Avery was the last out the door and i was telling him to hurry so bugs didn’t get in the house.  He was putting on his shoes and said owe, his foot hurt.  I’m sure I thought ok whatever, or knock it off just put your shoes on.  I know I thought it was odd and kept asking him where it hurt.  I think I even told him to just not wear shoes, it didn’t matter.  I do know I asked if he just wanted to not go, we could stay home, but it wasn’t bad enough to miss DQ.

I didn’t worry too much about his foot, he was walking ok.  I did keep asking about it and tried to pinpoint where the pain was.  Then a couple hours later I had him sitting on the couch next to me and was talking to him about antagonizing his brother.  I noticed a rash on his arms and asked if it itched.  I couldn’t feel any bumps but again thought it was odd. 

My first thought was oh no he’s allergic to his new Axe body spray. But it didn’t look like when he had hives.

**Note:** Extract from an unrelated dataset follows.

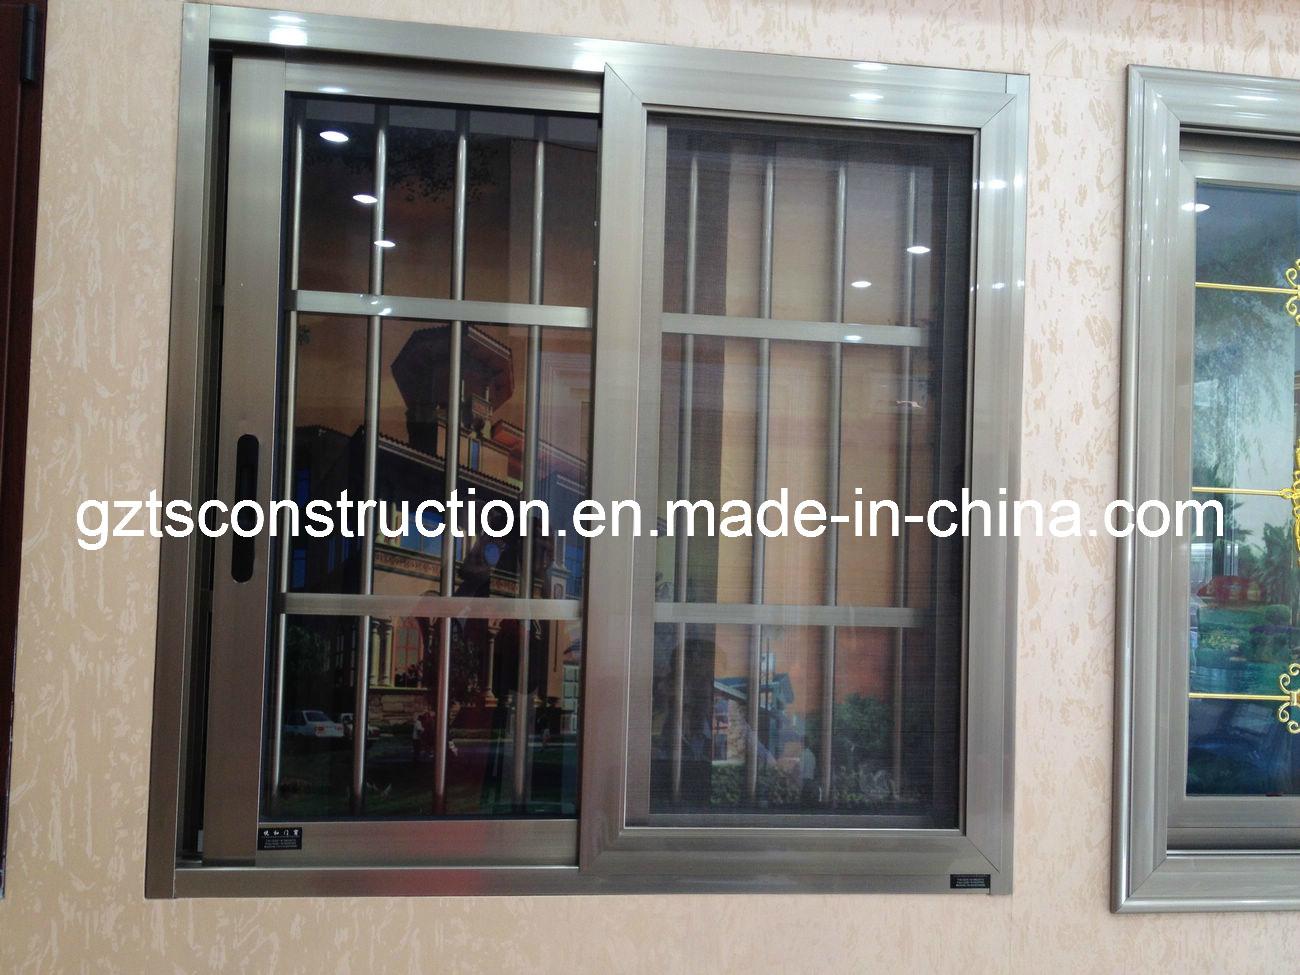 Aluminum Window Protection : Aluminum sliding window with security

But I went ahead and gave him some Benadryl and sent him to bed.   I checked on him before I went to bed and he seemed fine.  The next morning he said his left arm hurt, he couldn’t bend it.  His foot still hurt and the rash was now on his legs too. 

I called the Dr’s office and left word for the nurse on call to call me back.  I told her about his symptoms and that what worried me was that one of his pimples or bumps he has was infected and was in his blood.  He was having a hard time walking on is foot so she told me to take him to the ER.

I freaking hate the ER, it’s full of sick people.  And being a bit of a germophobe it’s not somewhere I want to be and I needed to take Zachery with us because Mike was sleeping for work.  We didn’t have long to wait and the Dr didn’t think it was too much to worry about.  They ran some blood tests and everything was normal.  He thought it was a side effect to medicine or some rare skin thing.  He also started him on steroids and said if he wasn’t better in a couple of days to take him to his Dr and that he’d like him to see the rash.  So we went home, after stopping at Sonic.